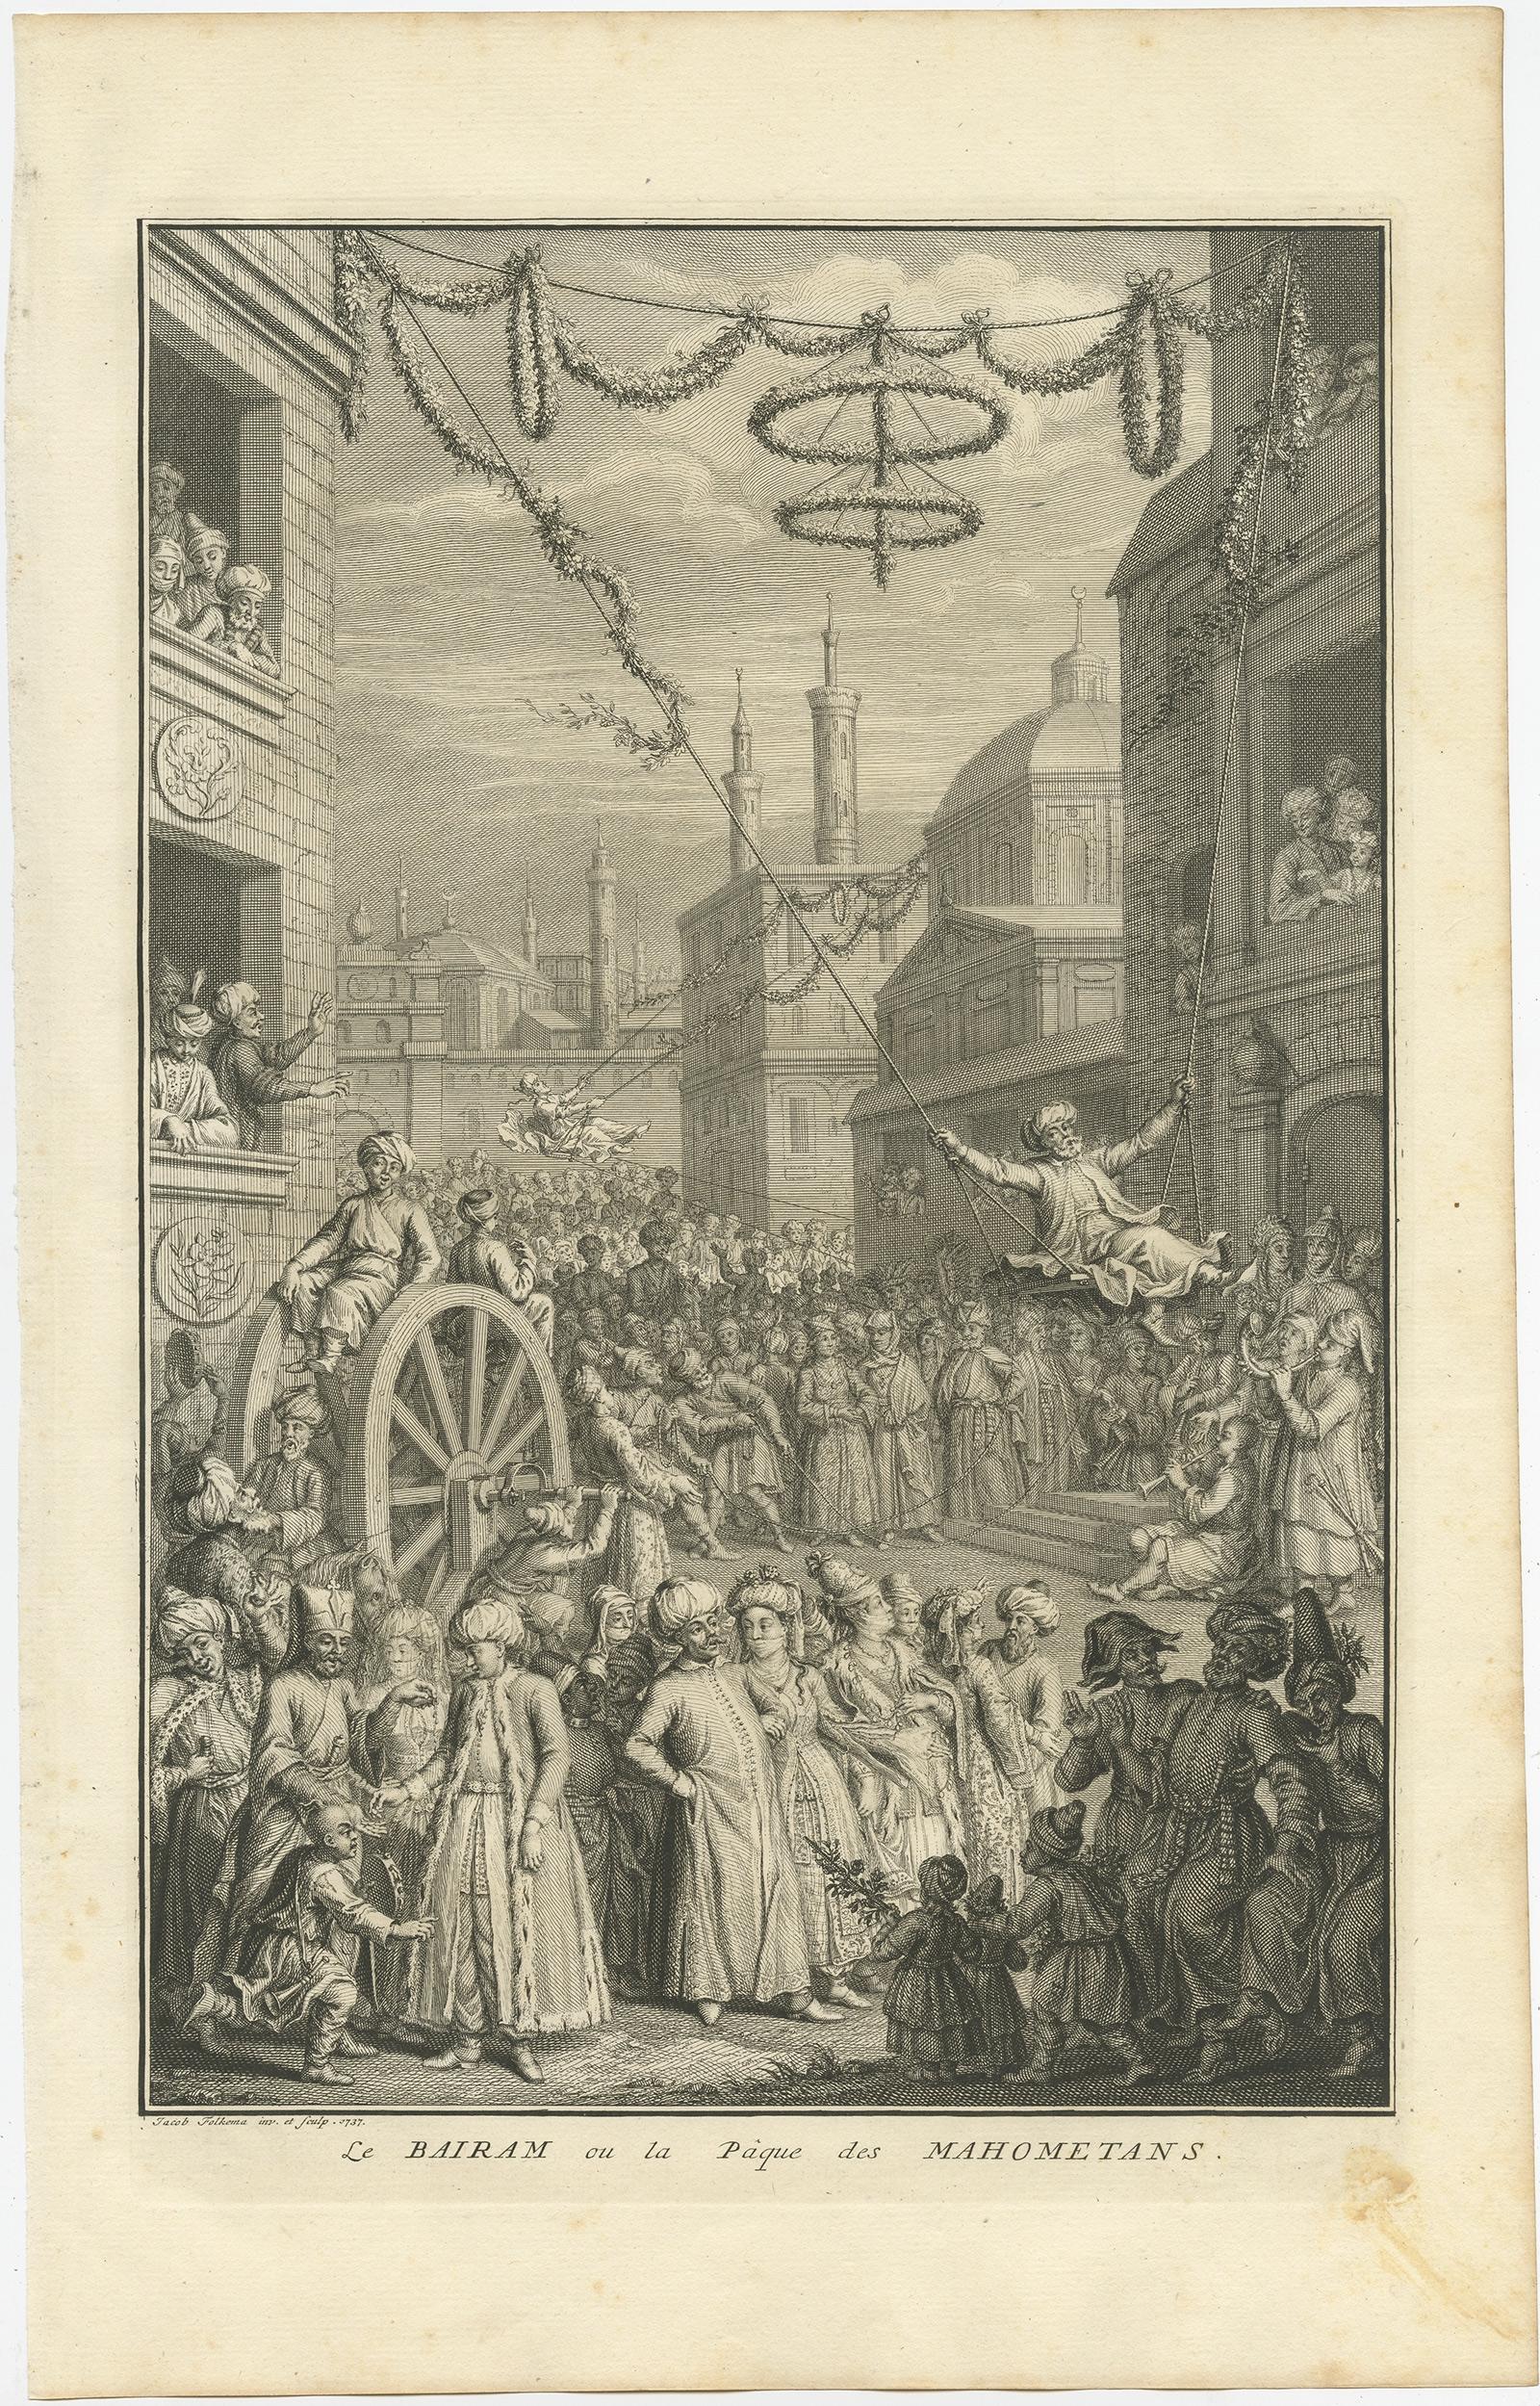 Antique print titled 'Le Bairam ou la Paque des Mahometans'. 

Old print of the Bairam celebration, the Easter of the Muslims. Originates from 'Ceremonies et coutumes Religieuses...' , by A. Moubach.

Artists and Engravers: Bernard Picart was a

########################################

**Requirement**
All of the data gets printed again exactly; the pictures do not.

**Result of this exercise**
 Antique print titled 'Le Bairam ou la Paque des Mahometans'. 

Old print of the Bairam celebration, the Easter of the Muslims. Originates from 'Ceremonies et coutumes Religieuses...' , by A. Moubach.

Artists and Engravers: Bernard Picart was a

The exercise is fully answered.